Create a `TiDBVectorClient` instance:

```python
from tidb_vector.integrations import TiDBVectorClient

TABLE_NAME = 'vector_test'
CONNECTION_STRING = 'mysql+pymysql://<USER>:<PASSWORD>@<HOST>:4000/<DB>?ssl_verify_cert=true&ssl_verify_identity=true'

tidb_vs = TiDBVectorClient(
    # the table which will store the vector data
    table_name=TABLE_NAME,
    # tidb connection string
    connection_string=CONNECTION_STRING,
    # the dimension of the vector, in this example, we use the ada model, which has 1536 dimensions
    vector_dimension=1536,
    # if recreate the table if it already exists
    drop_existing_table=True,
)
```

Bulk insert:

```python
ids = [
    "f8e7dee2-63b6-42f1-8b60-2d46710c1971",
    "8dde1fbc-2522-4ca2-aedf-5dcb2966d1c6",
    "e4991349-d00b-485c-a481-f61695f2b5ae",
]
documents = ["foo", "bar", "baz"]
embeddings = [
    text_to_embedding("foo"),
    text_to_embedding("bar"),
    text_to_embedding("baz"),
]
metadatas = [
    {"page": 1, "category": "P1"},
    {"page": 2, "category": "P1"},
    {"page": 3, "category": "P2"},
]

tidb_vs.insert(
    ids=ids,
    texts=documents,
    embeddings=embeddings,
    metadatas=metadatas,
)
```

Query:

```python
tidb_vs.query(text_to_embedding("foo"), k=3)

# query with filter
tidb_vs.query(text_to_embedding("foo"), k=3, filter={"category": "P1"})
```

Bulk delete:

```python
tidb_vs.delete(["f8e7dee2-63b6-42f1-8b60-2d46710c1971"])

# delete with filter
tidb_vs.delete(["f8e7dee2-63b6-42f1-8b60-2d46710c1971"], filter={"category": "P1"})
```

## Examples

There are some examples to show how to use the tidb-vector-python to interact with TiDB Vector in different scenarios.

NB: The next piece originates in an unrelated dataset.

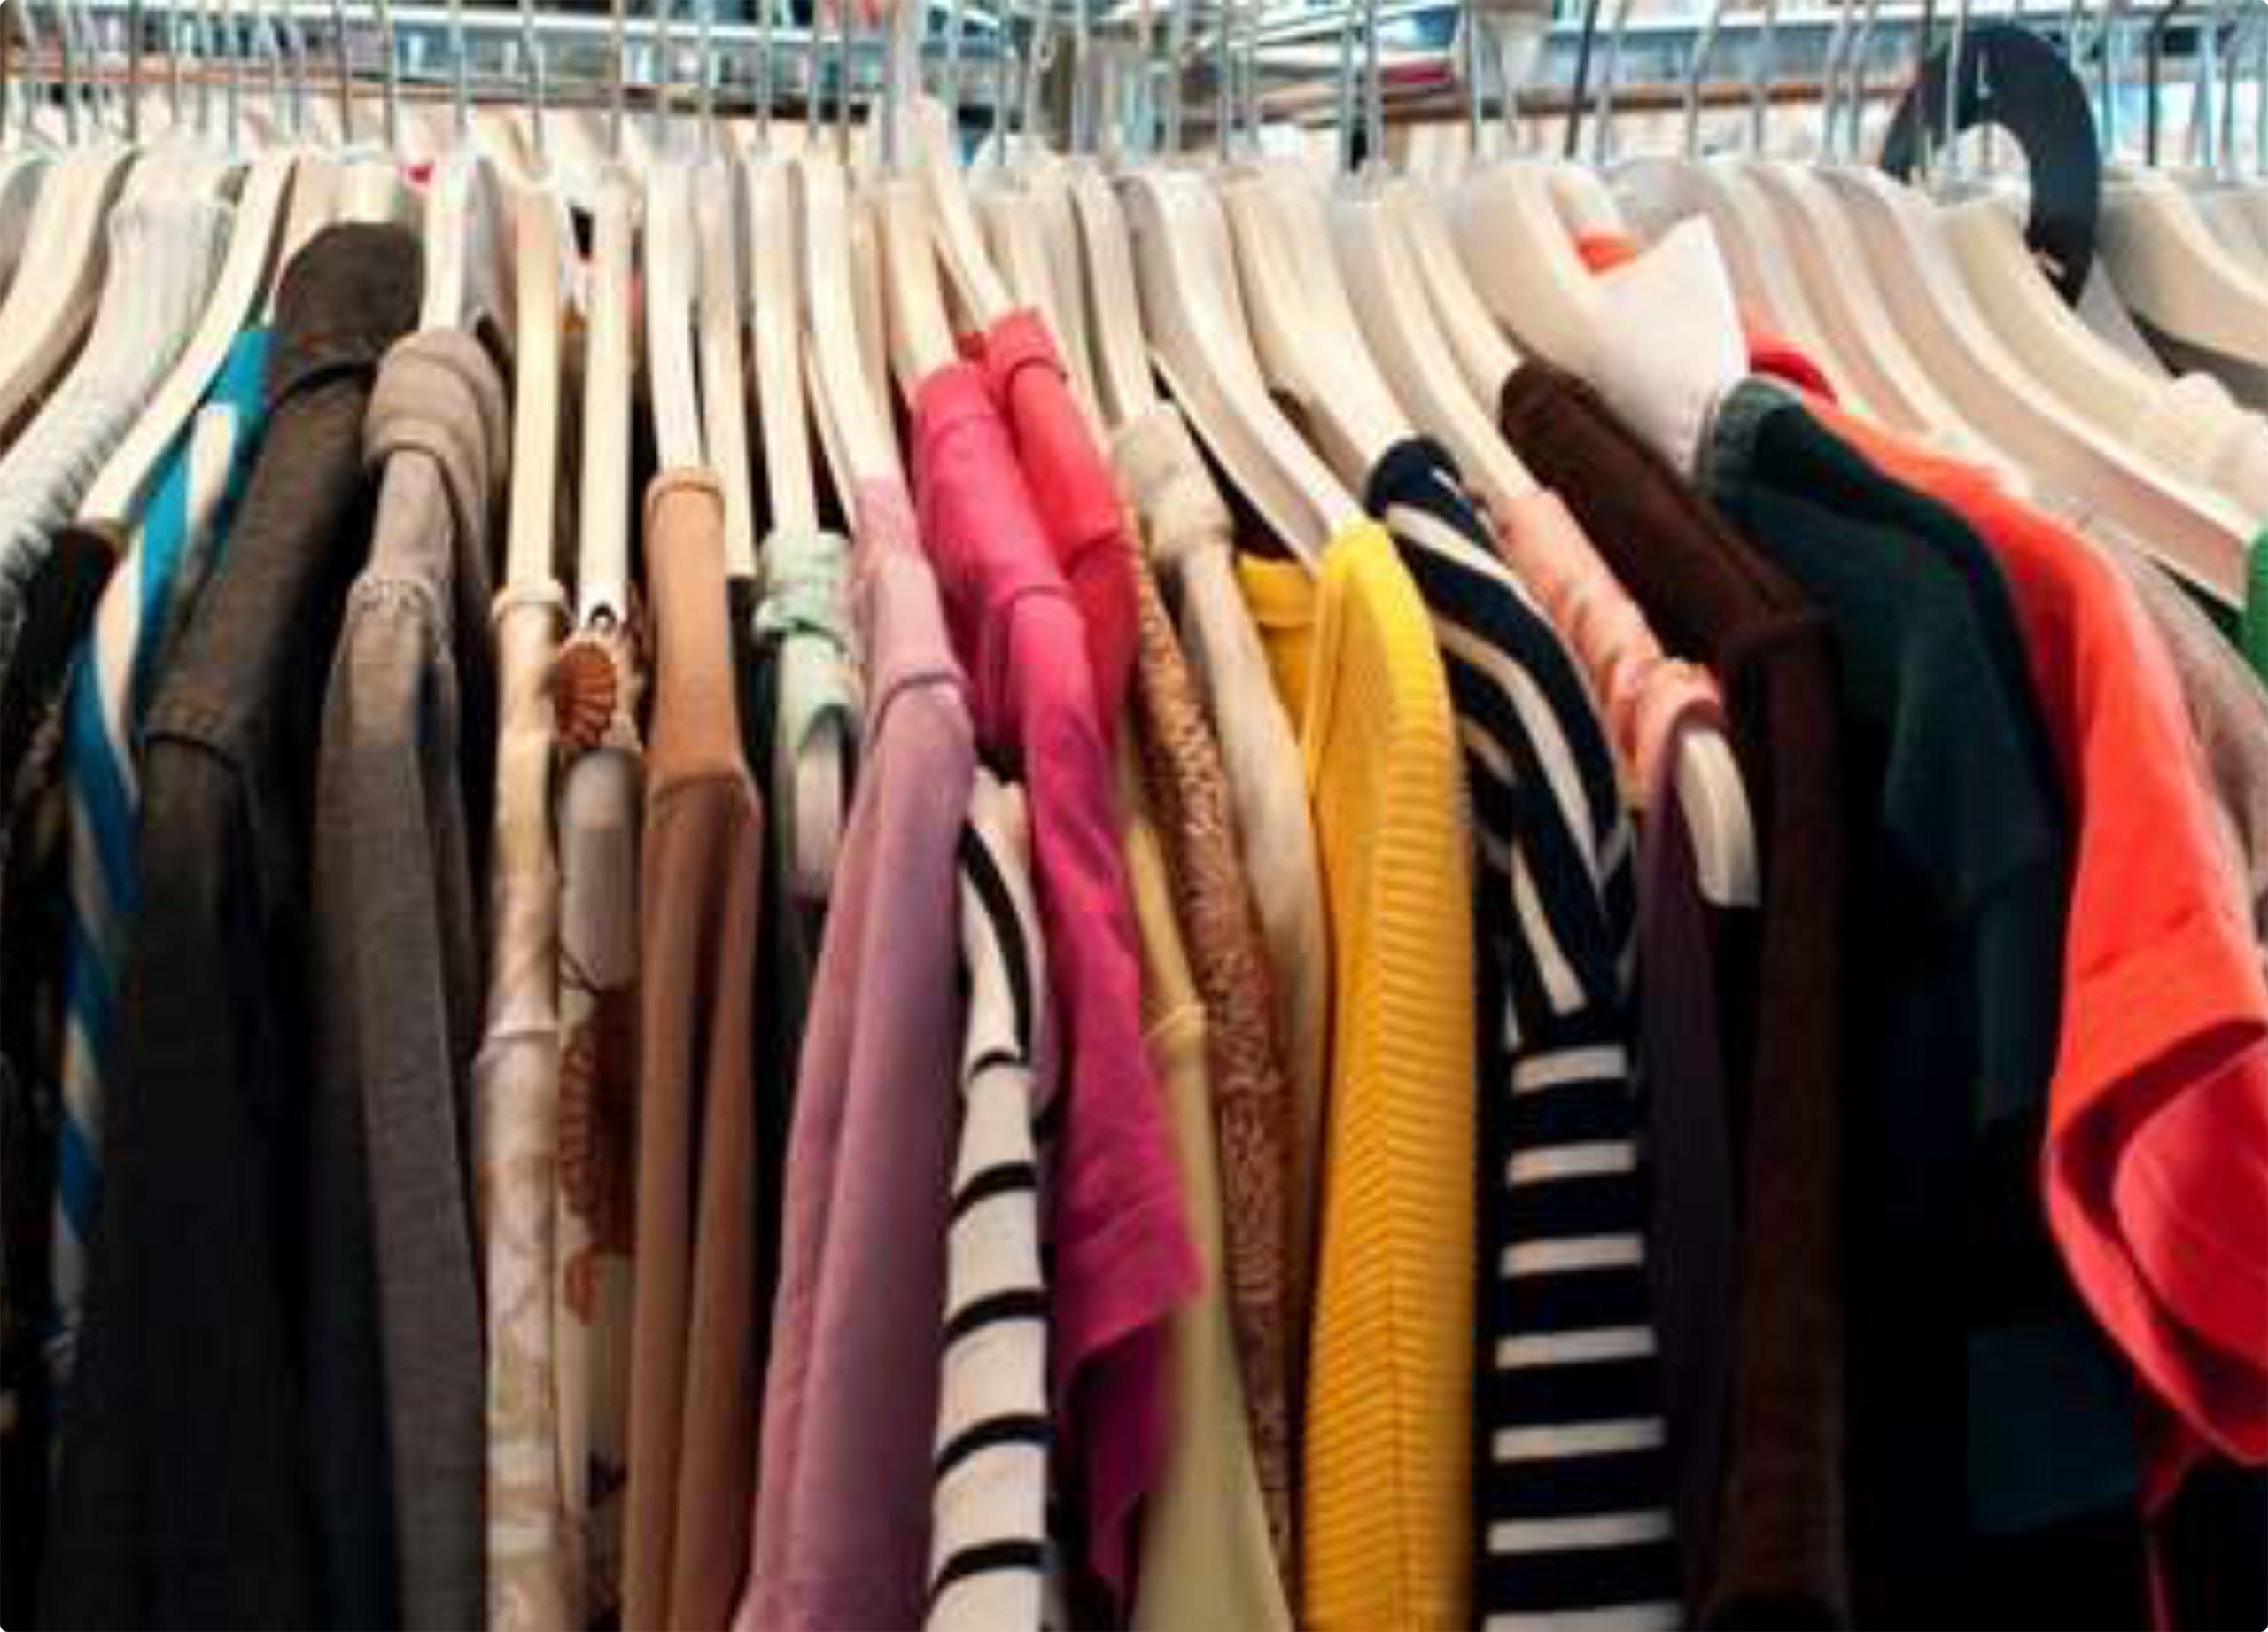 'Suka Bau Yang Baru Lepas Pakai'- Wanita Terima Mesej Lelaki Nak Beli Baju 'Preloved' Untuk Puaskan Nafsu 3

- [OpenAI Embedding](./examples/openai_embedding/README.md): use the OpenAI embedding model to generate vectors for text data, store them in TiDB Vector, and search for similar text.
- [Image Search](./examples/image_search/README.md): use the OpenAI CLIP model to generate vectors for image and text, store them in TiDB Vector, and search for similar images.
- [LlamaIndex RAG with UI](./examples/llamaindex-tidb-vector-with-ui/README.md): use the LlamaIndex to build an [RAG(Retrieval-Augmented Generation)](https://docs.llamaindex.ai/en/latest/getting_started/concepts/) application.

for more examples, see the [examples](./examples) directory.